Kruskal-Wallis Test — Compare Groups Without Assuming Normality

You have three or more groups and a measurement that is not normally distributed — satisfaction ratings on a 1-5 scale, response times with heavy right skew, or pain levels recorded as ordinal categories. The Kruskal-Wallis test is the non-parametric alternative to ANOVA. It compares groups using ranks instead of means, so it works on skewed data, ordinal scales, and distributions that violate every assumption ANOVA requires. Upload a CSV and find out which groups differ in under 60 seconds.

What Is the Kruskal-Wallis Test?

The Kruskal-Wallis test answers the same fundamental question as ANOVA — are the differences between my groups real, or just noise? — but it does it without assuming your data follows a bell curve. Instead of comparing group means, it ranks every observation from lowest to highest across all groups combined, then checks whether the average ranks differ between groups. If one group consistently ranks higher than the others, the test detects it.

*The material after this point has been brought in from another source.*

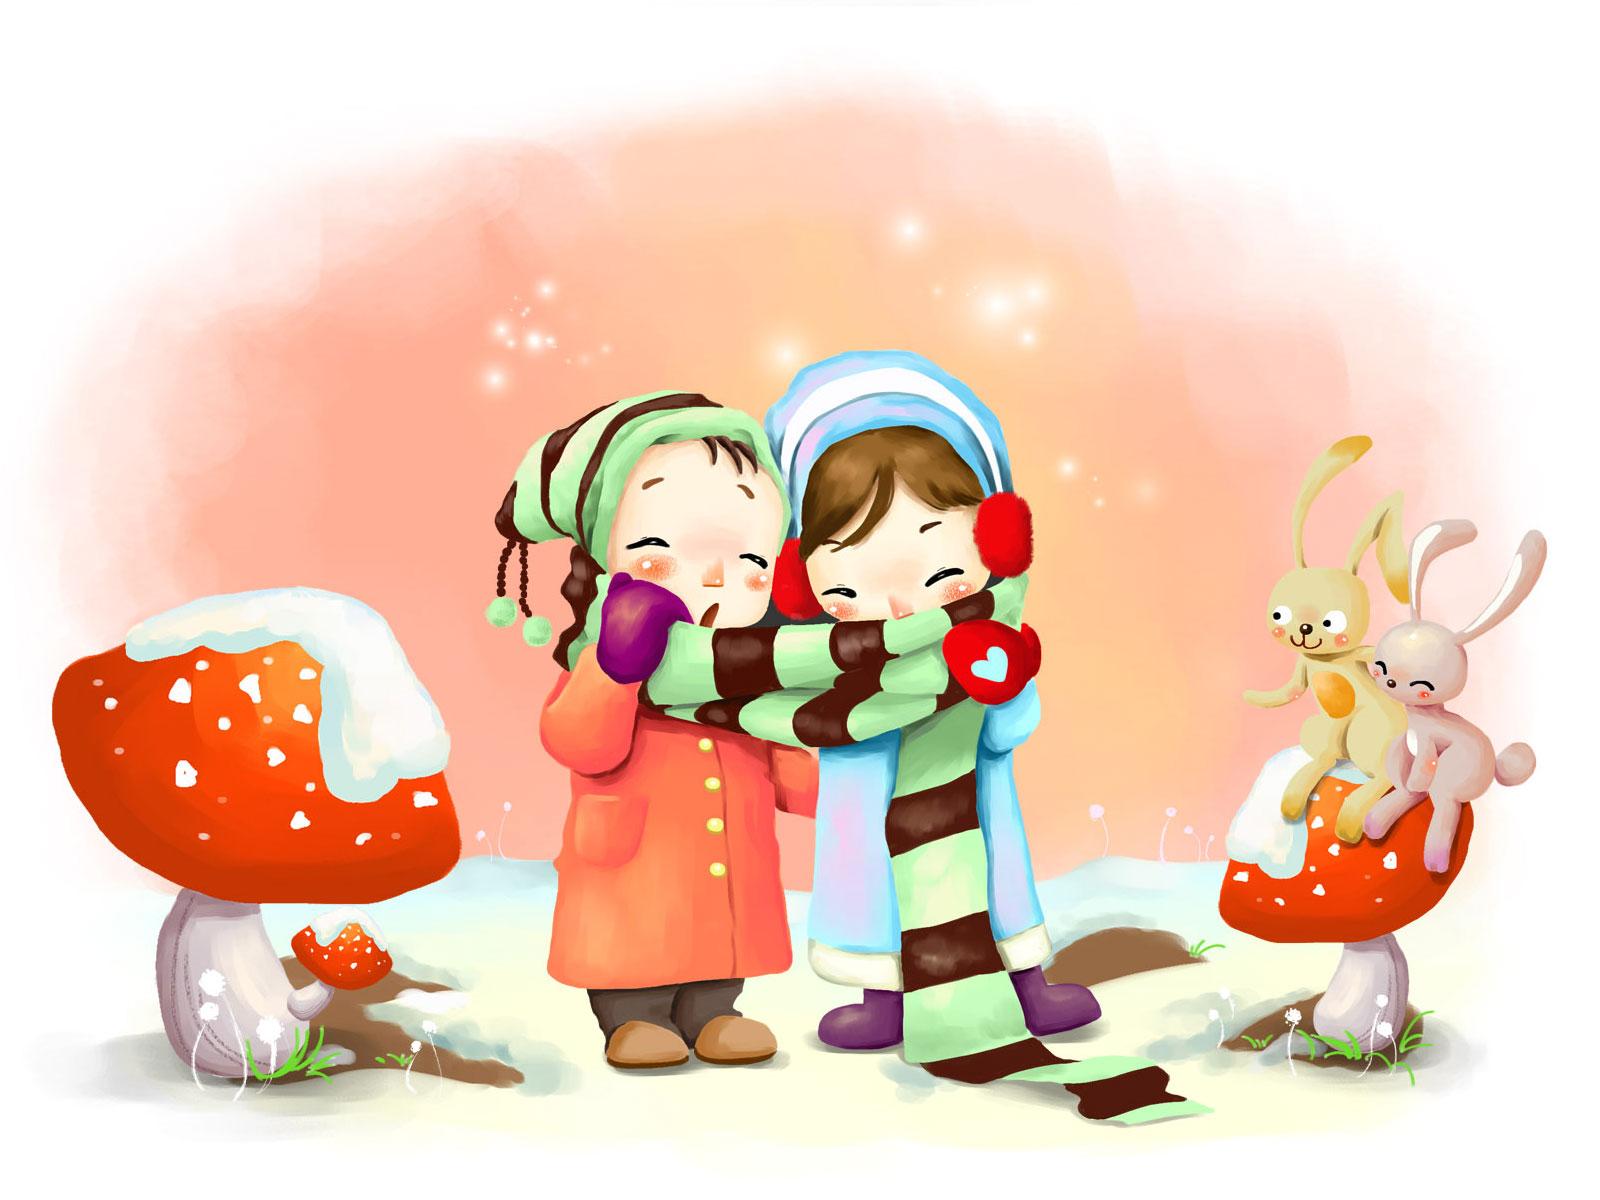 Cute Cartoon Animal Wallpapers Valentines cute cartoon 1600x1200

Think of it this way. You survey employee satisfaction across four departments using a 1-5 Likert scale. The Engineering department has a median rating of 4, while Customer Support sits at 2. But this is ordinal data — the distance between a 1 and a 2 is not necessarily the same as the distance between a 4 and a 5. Computing means on this scale is questionable. The Kruskal-Wallis test sidesteps the problem entirely by converting every response to a rank. It does not care whether the gap between "Satisfied" and "Very Satisfied" is the same as between "Neutral" and "Dissatisfied." It only cares about ordering.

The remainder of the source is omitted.